L’Ato Palermo 1 vivrà almeno fino al prossimo 30 giugno. Il governatore Rosario Crocetta ha firmato infatti l’ordinanza di proroga dell’azienda in liquidazione che sarà guidata dal nuovo commissario straordinario Raffaele Di Salvo, già commissario ad acta dell’Ato idrico di Siracusa.

Nei territorio dell’Ato 1 si è registrata una vera e propria emergenza rifiuti con vere e proprie montagne di spazzatura abbandonate per strada e con i ‘soliti’ roghi ai cassonetti. A Cinisi, uno dei comuni maggiormente interessati dall’emergenza, terminato il servizio straordinario che l’Amministrazione ha affidato ai sensi della Legge 191/2009 all’Agesp di Castellammare del Golfo, e dopo lo stop imposto dalla Regione Siciliana sino al 6 gennaio, il Comune ha ripreso a conferire nella discarica di contrada “Coda Volpe” di Catania.

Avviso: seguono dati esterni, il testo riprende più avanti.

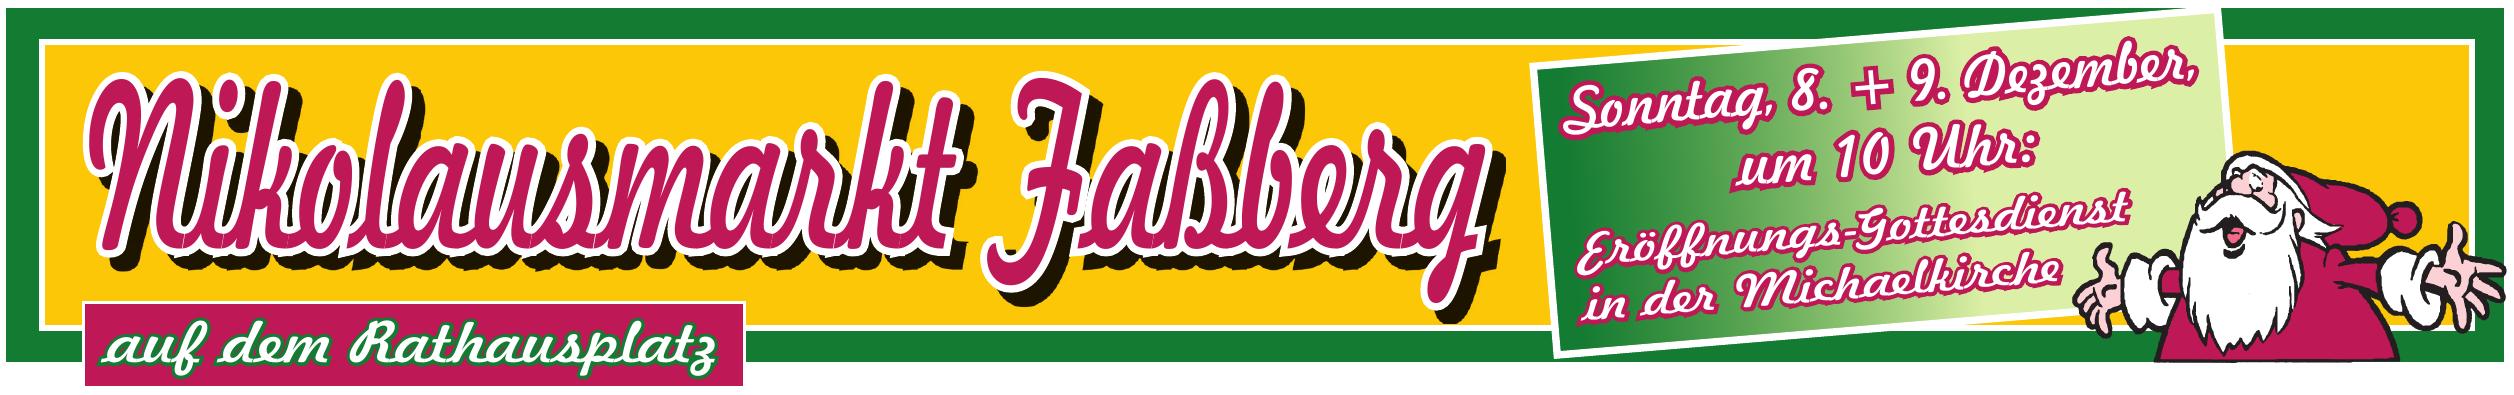 Nikolausmarkt Faßberg Image 1

“I risultati di questa politica totalmente fallimentare sono i cumuli d’immondizia che continuano ad infestare e deturpare le strade del nostro comune!”, scrivono i componenti del Movimento “La RI Generazione Cinisi”, che hanno sempre criticato la politica emergenziale regionale in materia di rifiuti.

Dal movimento è arrivata anche la proposta per la creazione di un centro comunale di raccolta: “Bisogna ridurre la quantità dei rifiuti da portare in discarica – si legge in una nota – puntando in primis sulla raccolta differenziata. La migliore soluzione possibile per Cinisi è creare un centro comunale di raccolta rifiuti (C.C.R.)”.

Da un’indagine sul territorio e dall’analisi attenta della documentazionea disposizione del movimento risulta essere idoneo a tale scopo il sito che si trova in contrada San Giovanni, già di proprietà della Regione Siciliana.